When your mortgage term ends, you have to pay off your mortgage if there’s a remaining balance or renew it. According to Statistics Canada, 36.3% of homes in Canada have mortgages and the majority of them are term. A term is the length of time for which a mortgage agreement exists between a borrower and a lender. They generally range from 6 months to 10 years. After each term, your mortgage usually comes up for renewal if it hasn’t been paid off, and many stick with the same institution. There’s nothing wrong with staying with the same institution however, exploring alternative mortgage options could save you thousands of dollars.
Here are five reasons to consider your mortgage options when you are up for renewal:
Have your needs changed from when you first got your mortgage?
A homeowner’s current situation in most cases will have changed from when they first got their mortgage. It’s crucial to reassess your mortgage needs because it could save you a lot of money. For example, if you currently have a five-year fixed term on your mortgage, your lender will probably offer you a renewal package with the same term. However, if you want to relocate to another home and your mortgage needs to change you may have to pay a penalty that could cost a lot. Perhaps you may change your payment frequency to make more payments and be mortgage-free sooner or reconsolidate some debt. No matter your needs, reassessing your options at renewal time is important.
Negotiate for a better interest rate.
When your mortgage is up for renewal, it is a good idea to consider your options early.

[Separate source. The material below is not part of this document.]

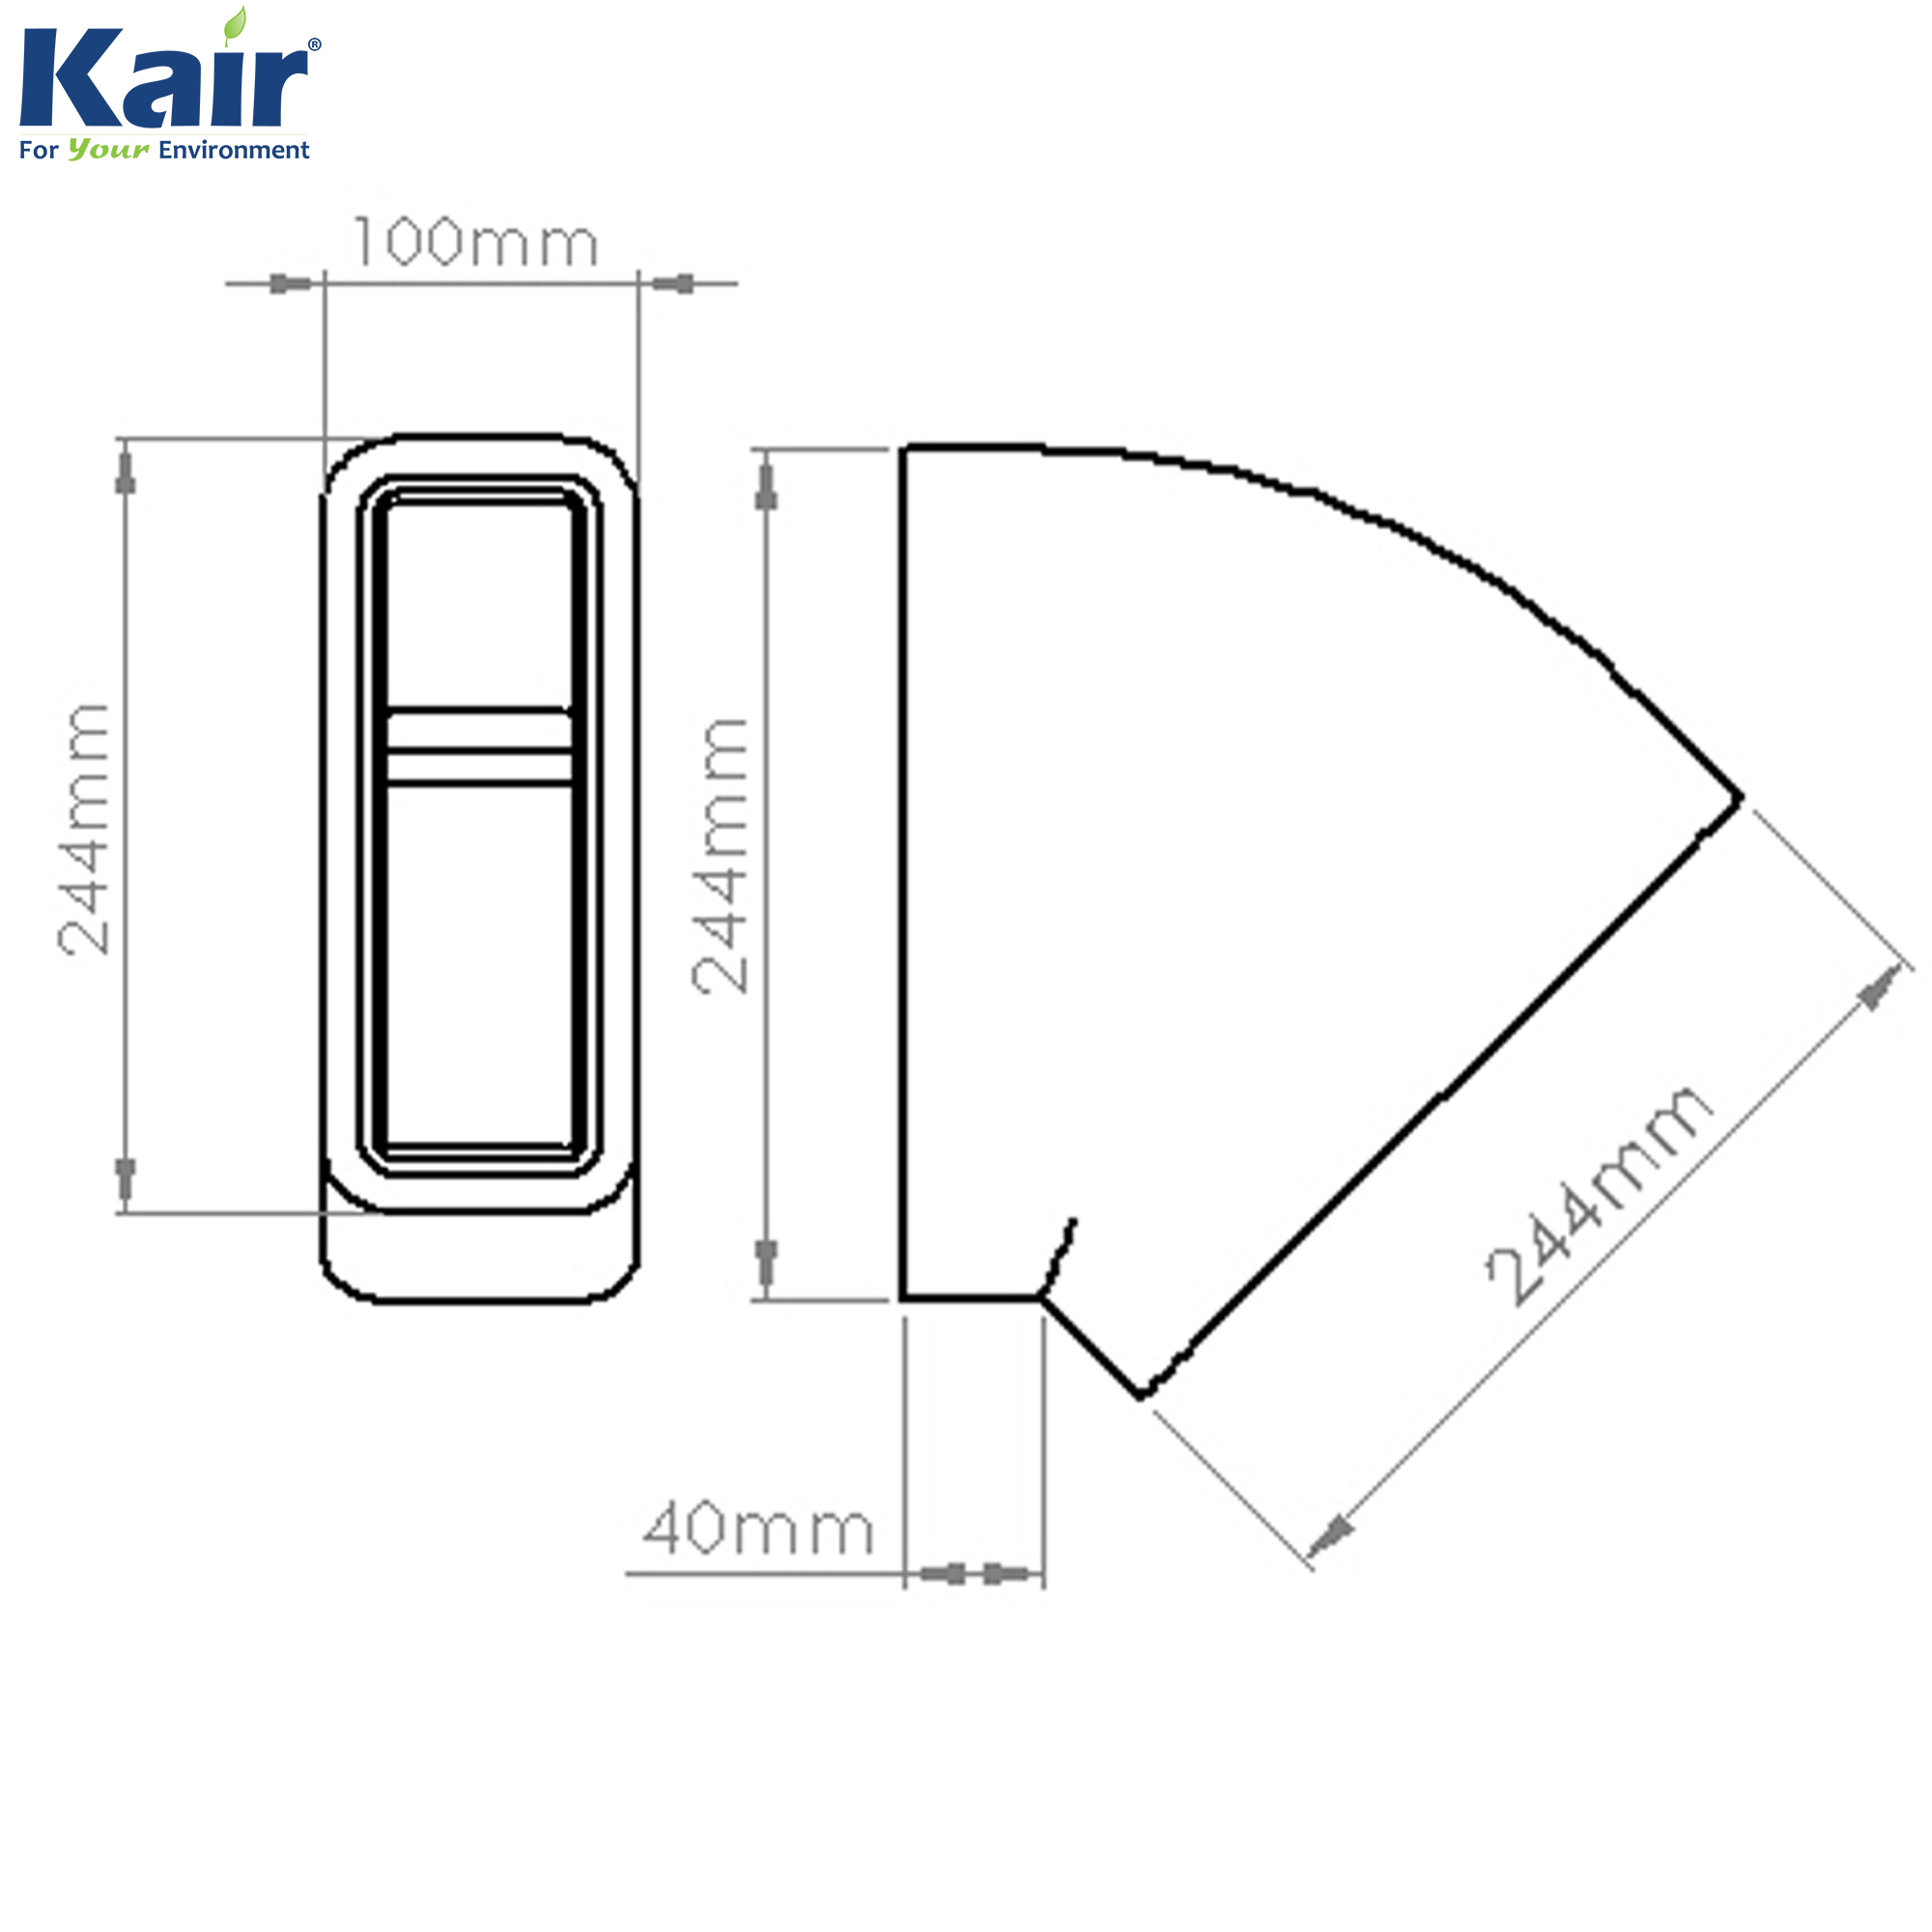 Box of 6 x Kair Self-Seal Thermal Ducting 204X60mm Horizontal 45 Degree Bends Complete With Female Click And Lock Fittings

You will most likely get your mortgage renewal terms 30 days prior to the end of your mortgage term. But you may negotiate with lenders 120 days prior, some lenders allow for rate holds of up to 120 days. Your best option is to deal with a Mortgage Agent because they have access to a variety of mortgages. They deal with the lenders on a continuous basis and have access to discounted rates that are normally not advertised. They can also help negotiate with the lender. In some cases they can get a special discount and the best part is, it doesn’t cost you anything extra.
Is my current mortgage insured or uninsured?
When you first got your mortgage you may have gotten what is referred to as mortgage insurance. Mortgage insurance protects a lender or titleholder if the borrower defaults on payments, passes away or is otherwise unable to meet the contractual obligations of the mortgage. This insurance can be transferable from one lender to another. This is important because lenders rates are typically lower for insured mortgages than uninsured mortgages because it holds less risk for the lender. Depending on the situation a Mortgage Agent can advise on your best course of action.
Are there costs to switch my mortgage to another lender?
Transferring your mortgage from one lender to another is very common and as such many lenders have taken action to make the processes of switching as smooth as possible. Many lenders absorb the costs of switching and sometimes you can negotiate with the lender to help cover part or all of your fees to switch from one lender to another. They want your business and it doesn’t hurt to ask. Some costs that may be associated to switching could be, setup fees with the new lender which may include discharge, registration, transfer fees and appraisal fees.
Is your mortgage a Collateral Mortgage?
All mortgages are a charge on a property for securing money or money’s worth. But there are different types of mortgages and they all have different conditions for them. When considering your mortgage renewal it is important to consider if you have a Collateral or Conventional mortgage. A Conventional Mortgage is a charge against the property in the amount of the remaining mortgage amount. A Collateral Mortgage is a charge against your property for up to 125% of the value of the home when it was purchased. This type of charge against the property is not as straightforward as a conventional mortgage and has higher charges to transfer. With that said, many lenders understand this and have put procedures in place to absorb some or all of the charges to switch Collateral Mortgages from one lender to another.